Recently, with the development of long-read and high-throughput DNA sequencing technologies, whole-genome studies have become increasingly feasible and affordable, making the genomic data of diverse organisms publicly available. Based on this data, comparative genomic analysis of strains within the same species has provided insights into modified, acquired, or lost genetic features closely related to the evolution and adaptation to specific environments [10]. In this study, we sequenced canine-derived L. acidophilus strain (C5) and performed comparative genomic analysis (pan-genome and the ratio of non-synonymous to synonymous substitutions [dN/dS] analysis) to profile its genetic characteristics.
MATERIALS AND METHODS
L. acidophilus C5 was isolated from dog feces (Shih Tzu, male) in Korea by Woogene B&G and was kindly provided for research purposes. L. acidophilus C5 was cultivated on modified de Man, Rogosa and Sharpe (MRS) (mMRS, with 0.05% cysteine-HCl) in an anaerobic atmosphere (5% hydrogen, 5% carbon dioxide, and 90% nitrogen) for 48 h at 37°C.

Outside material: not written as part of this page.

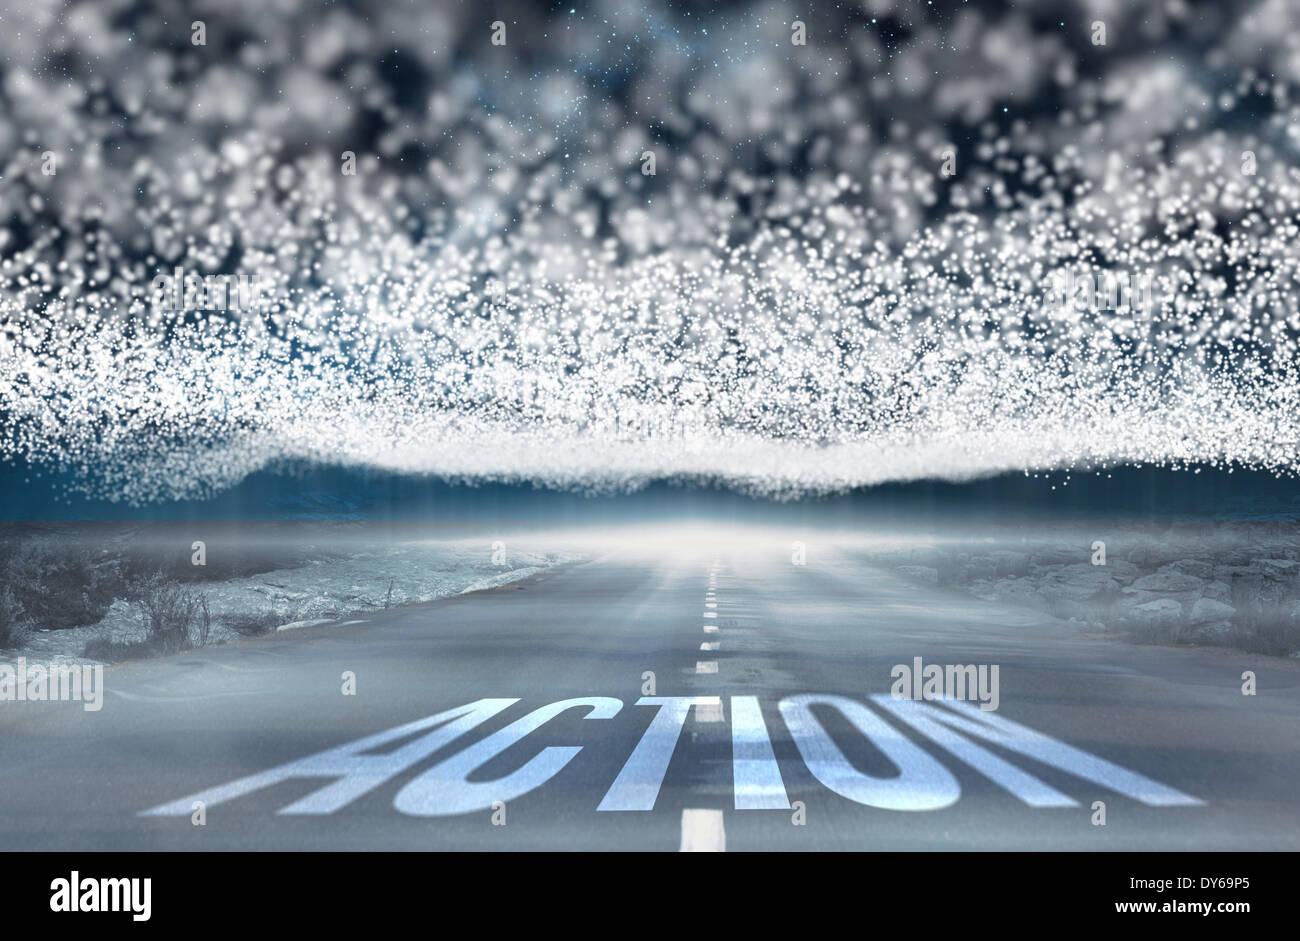 Aktion gegen helle Sterne Energie über Landschaft Stockfoto

DNA was extracted using DNeasy UltraClean Microbial Kit (Qiagen, Hilden, Germany) following the manufacturer’s instructions. Whole-genome shotgun sequencing of the L. acidophilus C5 strain was performed using the PacBio SMRT and Illumina HiSeq sequencing technology. For genome assembly, we applied the recently described Unicycler (v0.4.6) [11] and the final assembly was 2.005 Mb in one contig (Fig. 1). The PreAssembly step mapped single-pass reads to seed reads, the longest portion of the read length distribution. Subsequently, a consensus sequence of the mapped reads was generated, resulting in long and highly accurate fragments of the target genome. The next step was to correct and filter the reads. Reads that were fully contained in other reads did not provide extra information for constructing the genome, so they were filtered. Reads with an unsuitable extent of overlap were also filtered. Next, we constructed contigs of the L. acidophilus C5 strain. After de-novo assembly, we mapped the Illumina HiSeq reads to the first assembled genome sequence. We observed slight difference in the mapping result and the assembly result. We used this information to generate a consensus sequence of higher quality through a self-mapping step. Previously published genome sequences of six strains of L. acidophilus isolated from diverse hosts (yogurt, DuPont nutrition, and humans) were acquired from NCBI and compared with the host-derived strain. All genome sequences of L. acidophilus strains were annotated using Prokka (v1.12b) [12] and EggNOG-mapper (v5.0) [13]. The protein-coding sequences were categorized based on the Clusters of Orthologous Groups (COG) database from the Prokka results (Fig. 2). For comparative genomic analysis in this study, we selected strains with complete genome information in NCBI database. To evaluate the genetic relationship between L. acidophilus C5 and the other strains, the ANI was calculated using the JSpecies web server [14]. All information on L. acidophilus C5 and the other six strains used in this study is presented in Table 1 and Supplementary Table S1.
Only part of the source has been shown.